- **Directions**
Transcribe the whole listing below. Pictures do not go in the copy.

- **Data block**
=== Section Start ===

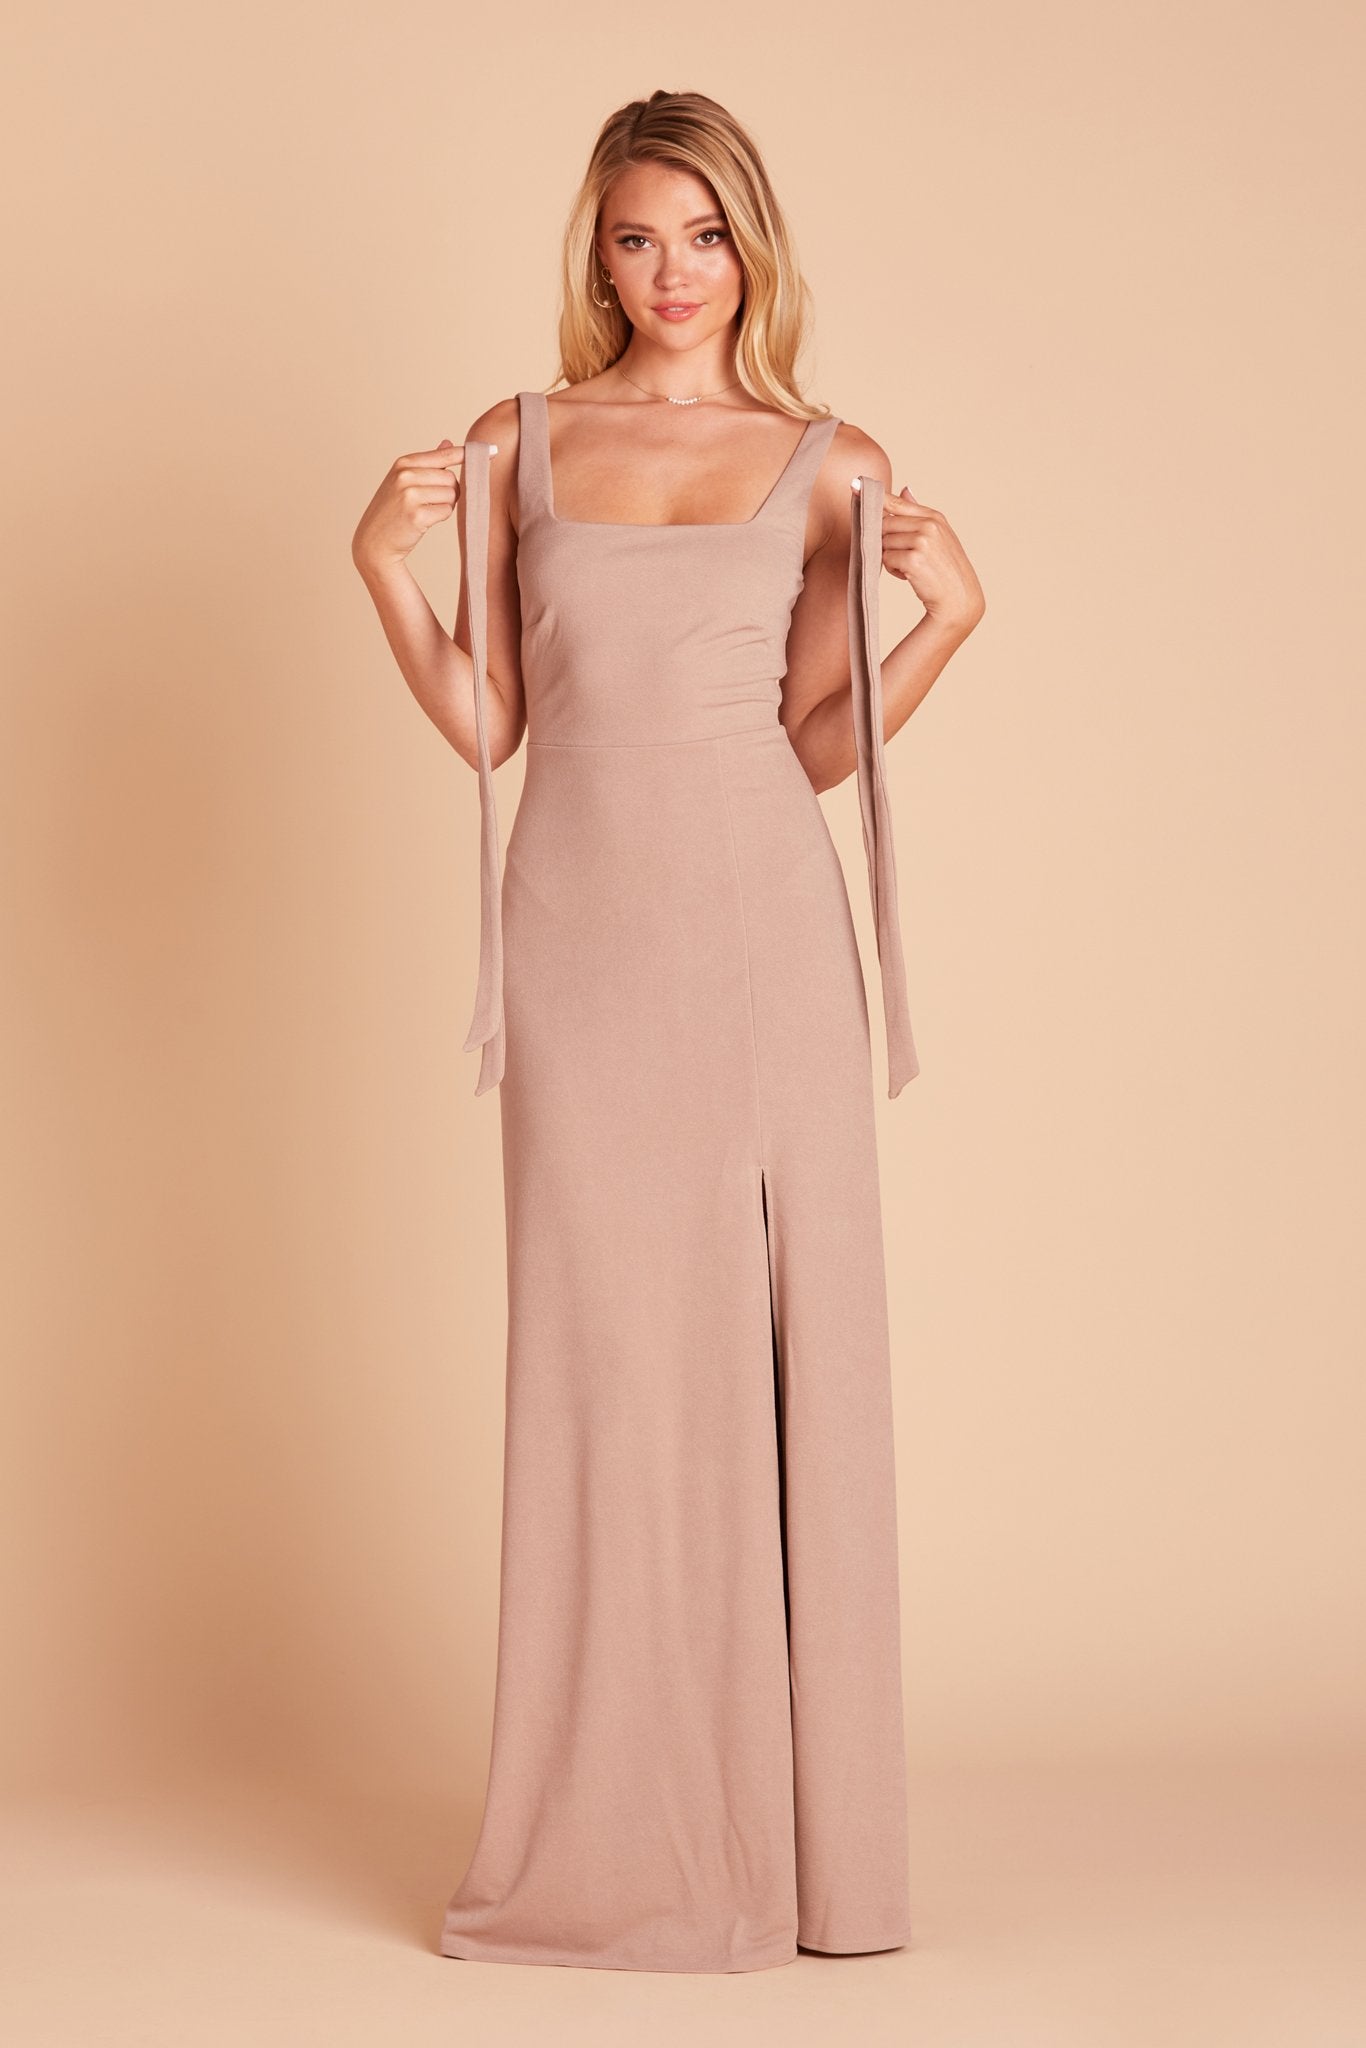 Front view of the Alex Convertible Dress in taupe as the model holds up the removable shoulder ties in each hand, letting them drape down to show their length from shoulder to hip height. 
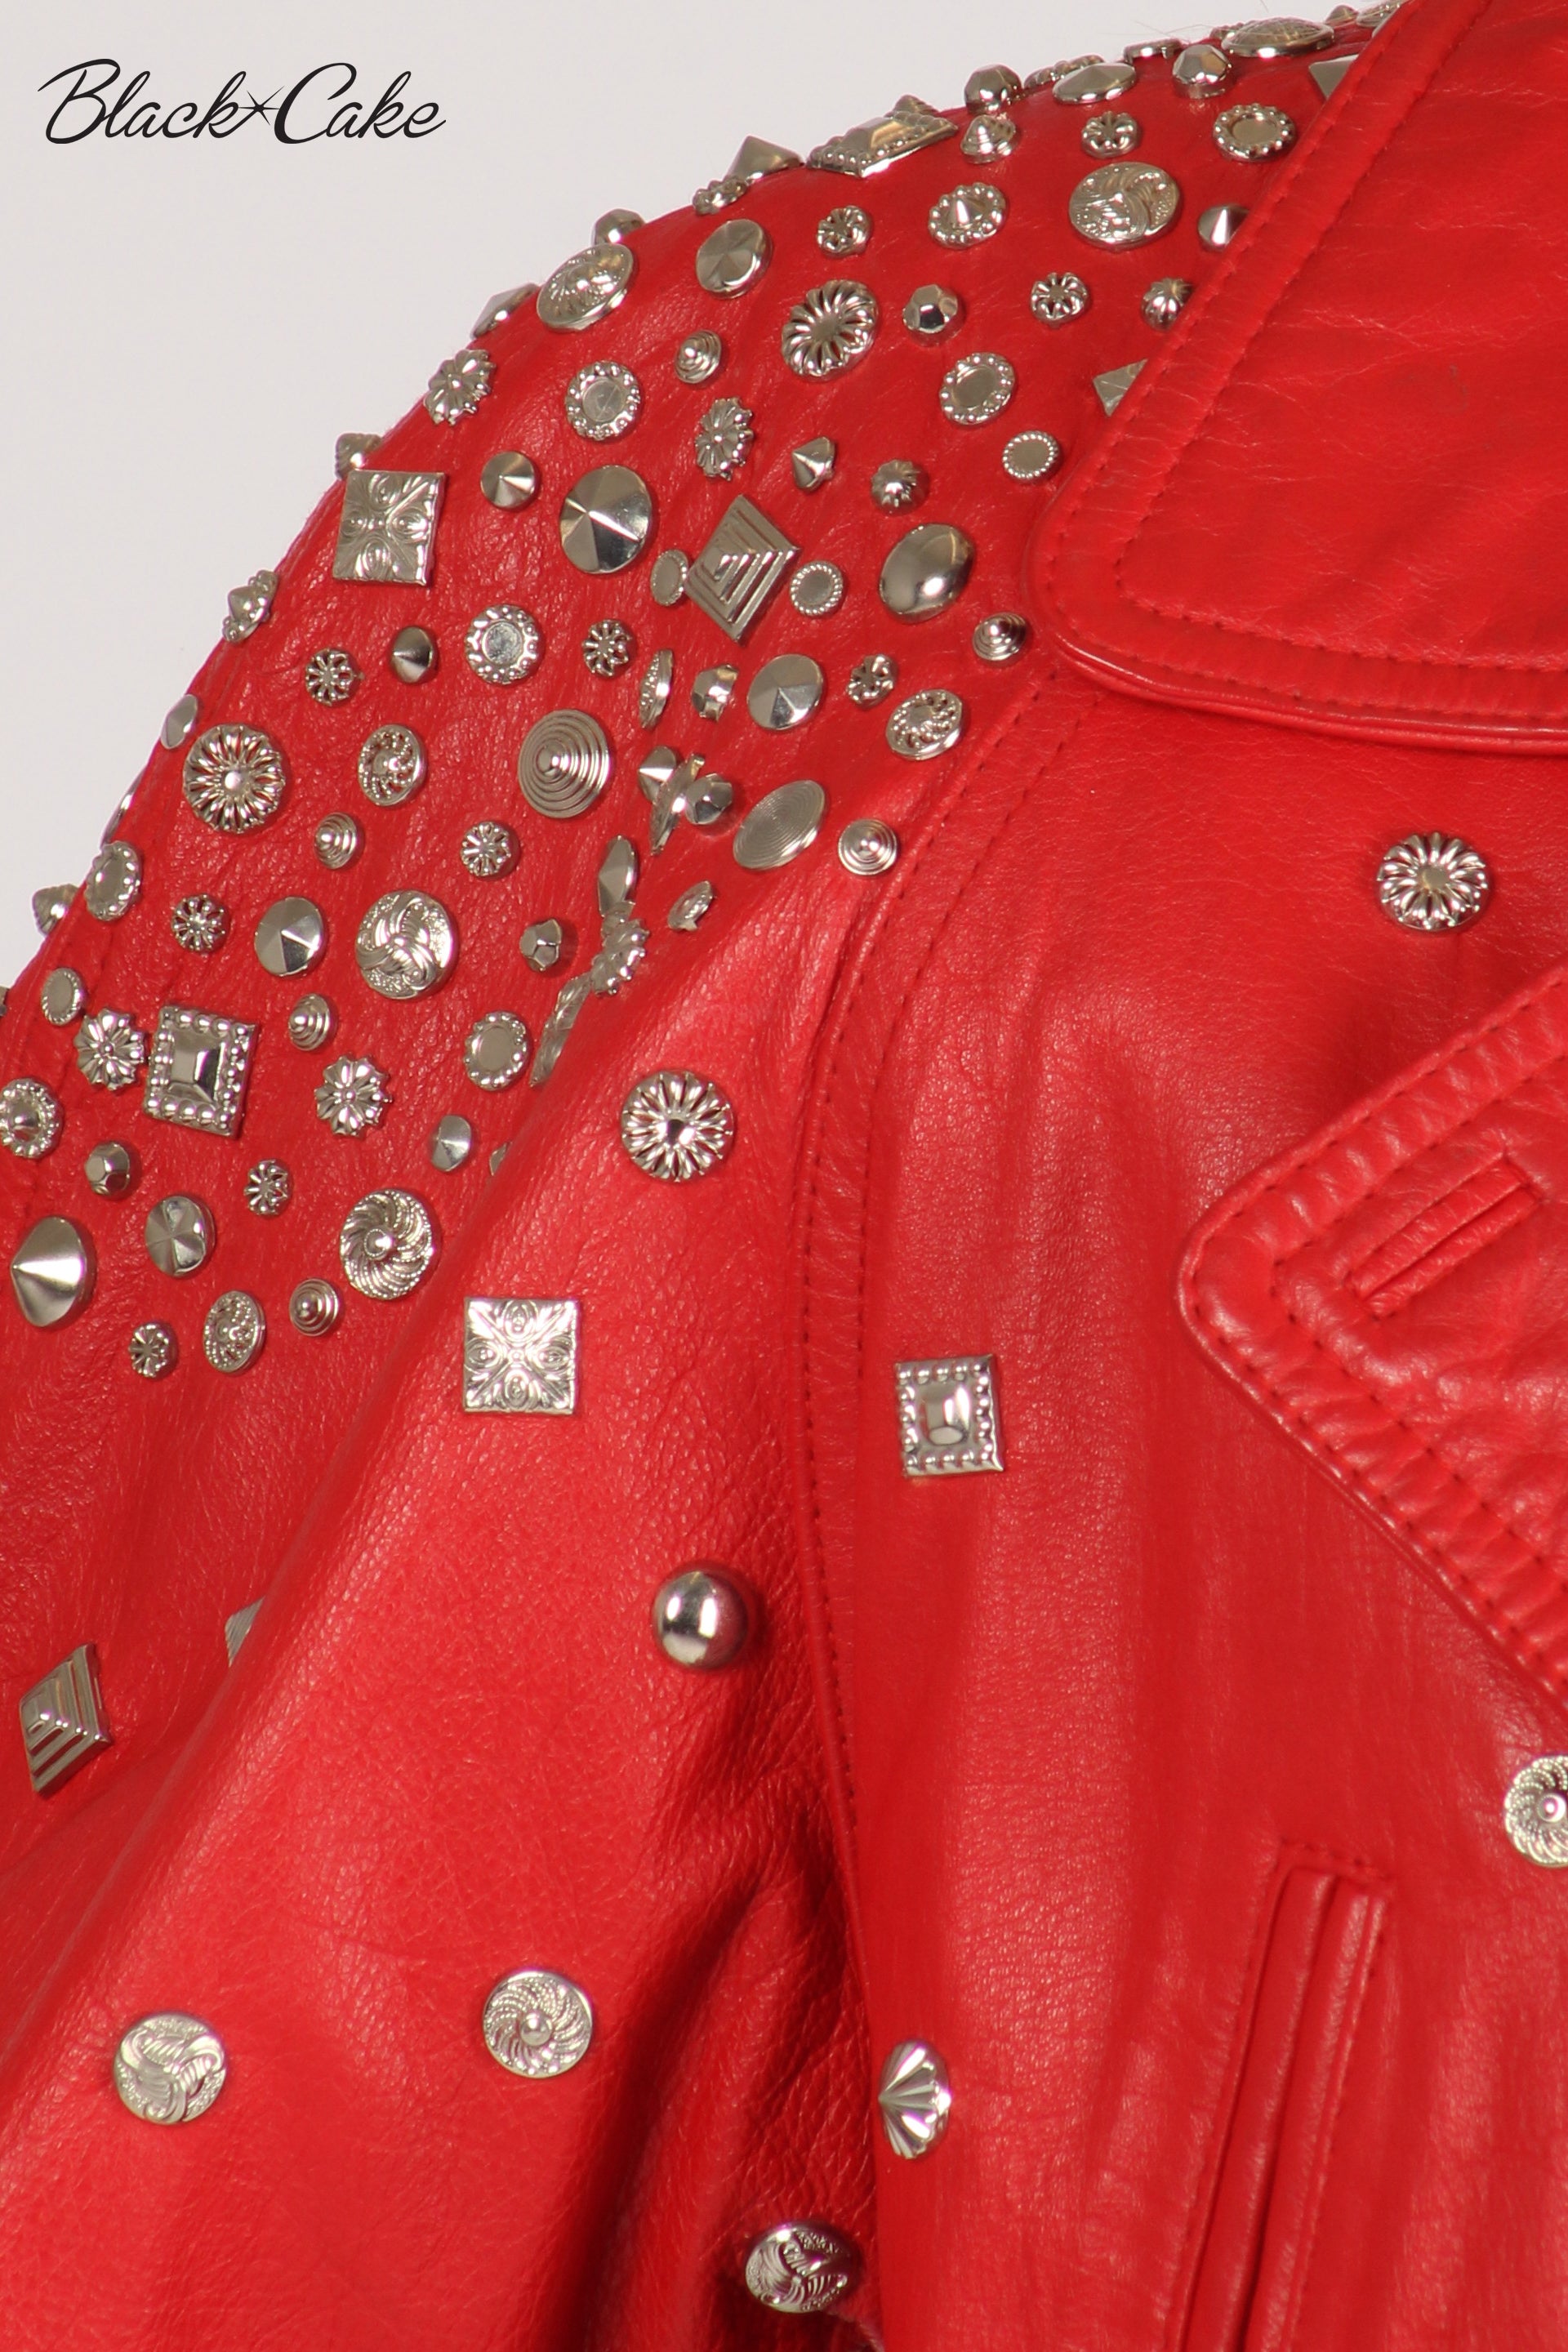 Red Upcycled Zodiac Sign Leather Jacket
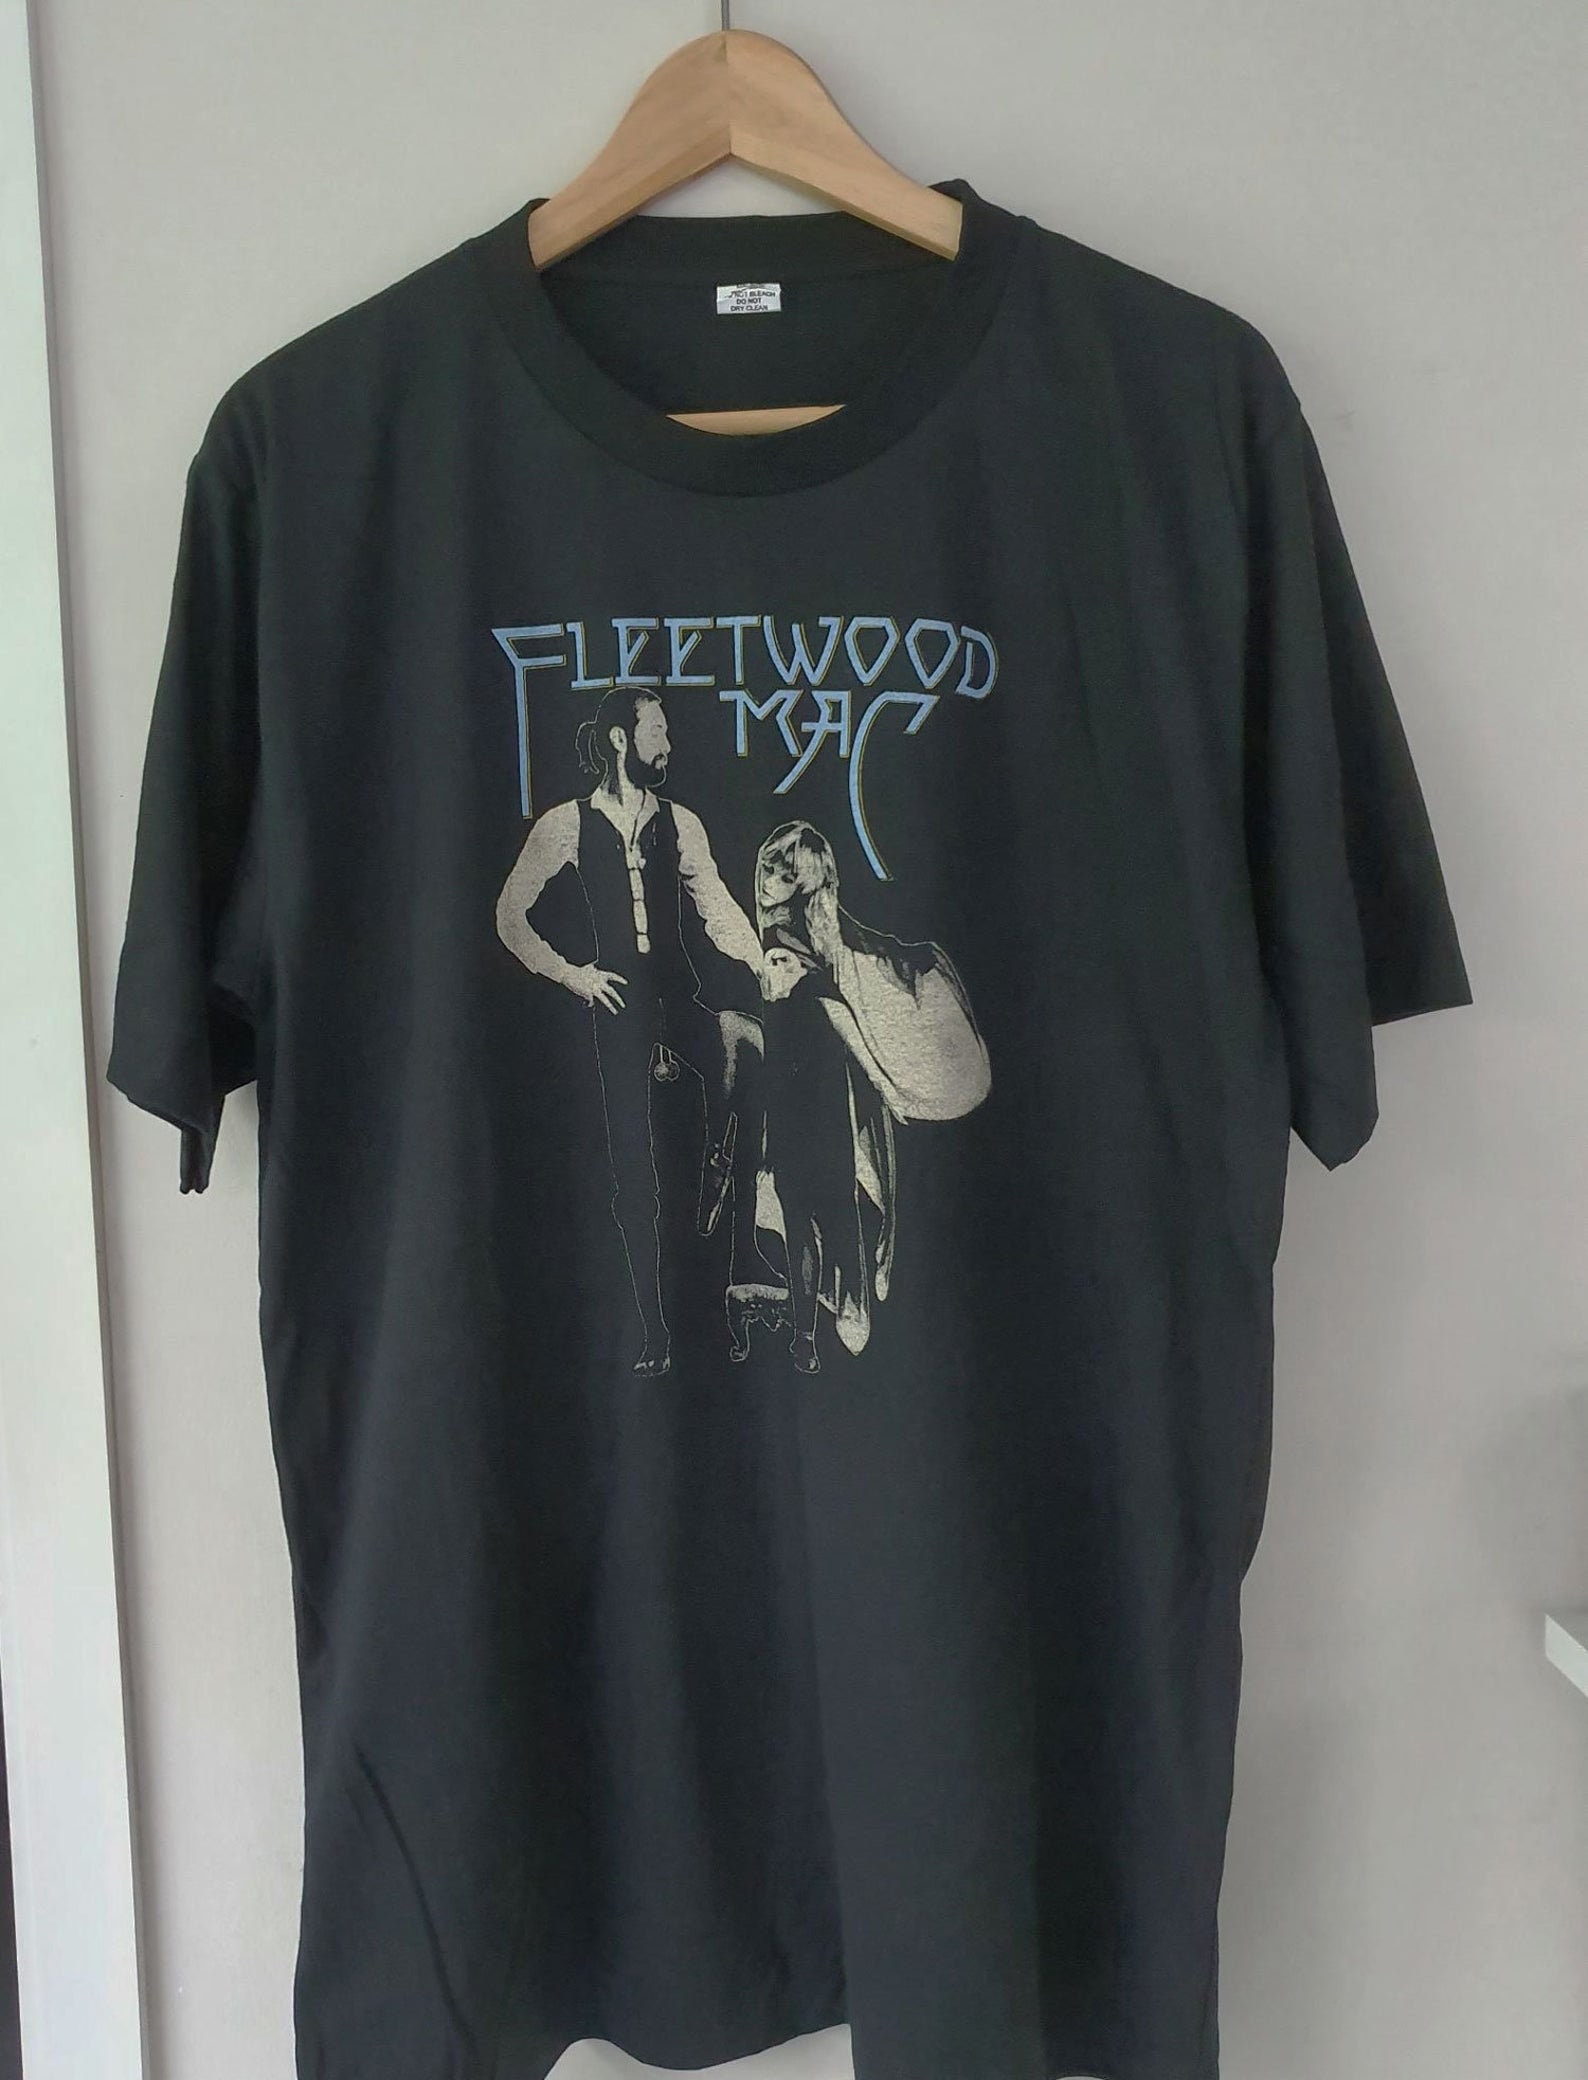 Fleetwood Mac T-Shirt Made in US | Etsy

=== Section End ===

- **Result below**
 Front view of the Alex Convertible Dress in taupe as the model holds up the removable shoulder ties in each hand, letting them drape down to show their length from shoulder to hip height. 
 Red Upcycled Zodiac Sign Leather Jacket
 Fleetwood Mac T-Shirt Made in US | Etsy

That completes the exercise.